Billion-dollar cut to NYPD criticized by protesters and police supporters

Public Advocate Jumaane Williams was so dissatisfied with the proposed $1 billion cutback in NYPD funding that he threatened to use his City Charter authority to stop the budget’s passage if additional reforms were not made.
Photo by Todd Maisel

The impending $88.1 billion budget for New York City that includes a $1 billion cut to the New York Police Department has drawn ire on both sides of the aisle — with police advocates slamming the cuts and activists claiming the reforms don’t go far enough.

As of Tuesday morning, more than a dozen New York City councilmembers were expected to vote against the budget plan this evening — with some calling it insufficient and others saying that the NYPD cuts go too far. 

Police Benevolent Association President Pat Lynch, who earlier this month blasted the state legislature for making legal changes affecting the Police Department without “giving [them] a seat at the table,” said Monday that the mayor’s commitment sent a clear message to New Yorkers.

“Mayor de Blasio’s message to New Yorkers today was clear: you will have fewer cops on your streets,” Lynch said in a statement. “We will say it again: the mayor and the City Council have surrendered the city to lawlessness. Things won’t improve until New Yorkers hold them responsible.”

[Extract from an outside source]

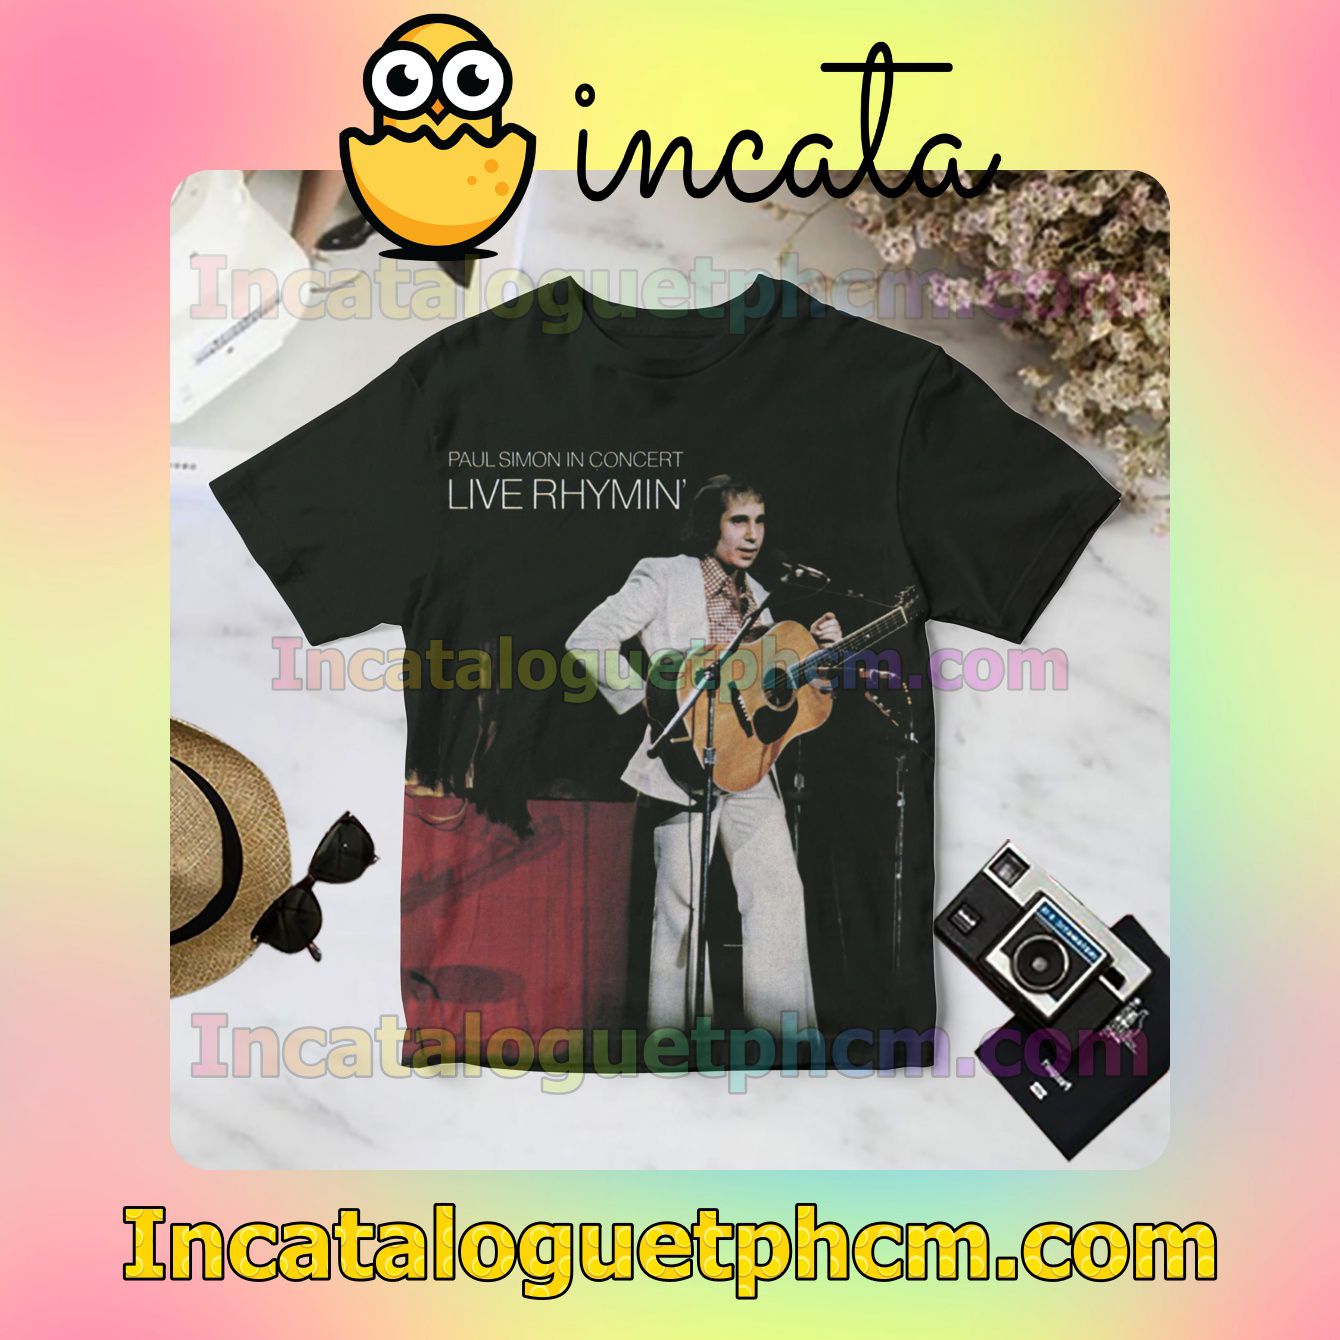 Paul Simon In Concert Live Rhymin' Album Cover Black For Fan Shirt

Meanwhile, organizers from groups like VOCAL-NY — a grassroots organization dedicated to “building power” within low-income neighborhoods — said they’d hoped for more systemic reforms. 

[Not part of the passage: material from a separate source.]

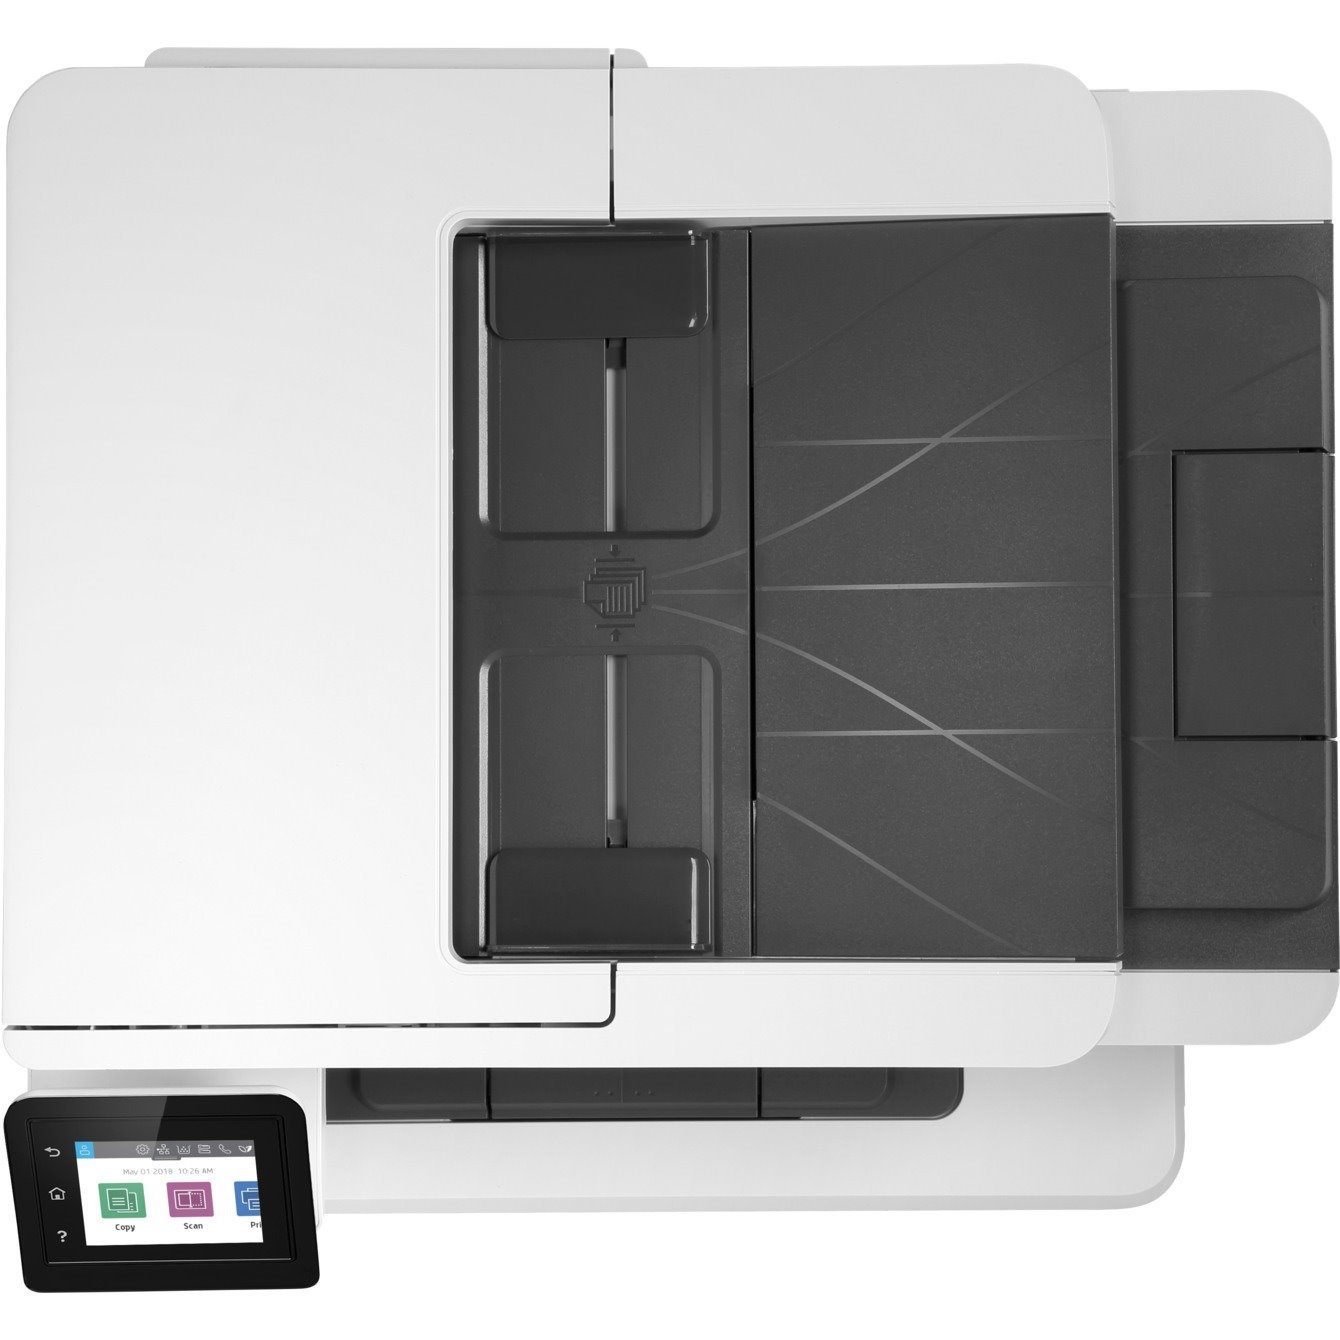 HP LaserJet Pro M428fdn Laser Multifunction Printer - Monochrome

“The deal as described does nothing … [it preserves] police resources and power — with not a single layoff among NYPD’s uniformed cops — and continues the mayor’s initial budget proposal to starve the communities left devastated by the coronavirus crisis, the same communities targeted by historical and current police abuse,” VOCAL-NY said in a statement.

Public Advocate Jumaane Williams also blasted the proposal ahead of Tuesday’s Council vote, threatening to use the City Charter to block the collection of property taxes and prevent the budget from being implemented if stakeholders do not change the current school safety model, discuss policing reform, and enact an NYPD hiring freeze.

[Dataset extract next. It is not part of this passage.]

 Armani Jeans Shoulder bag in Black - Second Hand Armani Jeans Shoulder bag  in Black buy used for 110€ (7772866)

“New Yorkers will not be content with low hanging fruit, when what’s needed is to uproot the tree,” Williams tweeted. 

Others, like President of the Citizens Crime Commission of New York City Richard Aborn, lauded the mayor and the City Council for having reached a compromise that doesn’t reduce the current headcount of the department.

“There is no dispute that policing needs significant reforms; no dispute whatsoever. I have been clear about that fact, and many reforms both long term and short term can be achieved,” he said in a statement released Tuesday “But also make no mistake about this: cutting cops in the midst of rapidly rising crime will not address many, or even any, of the very important issues that have been raised about policing. And further cutting overtime at the beginning of July, when the department relies on putting more cops out to cut crime will have [a] woeful effect.”

The City Council is expected to vote on the budget early Tuesday evening.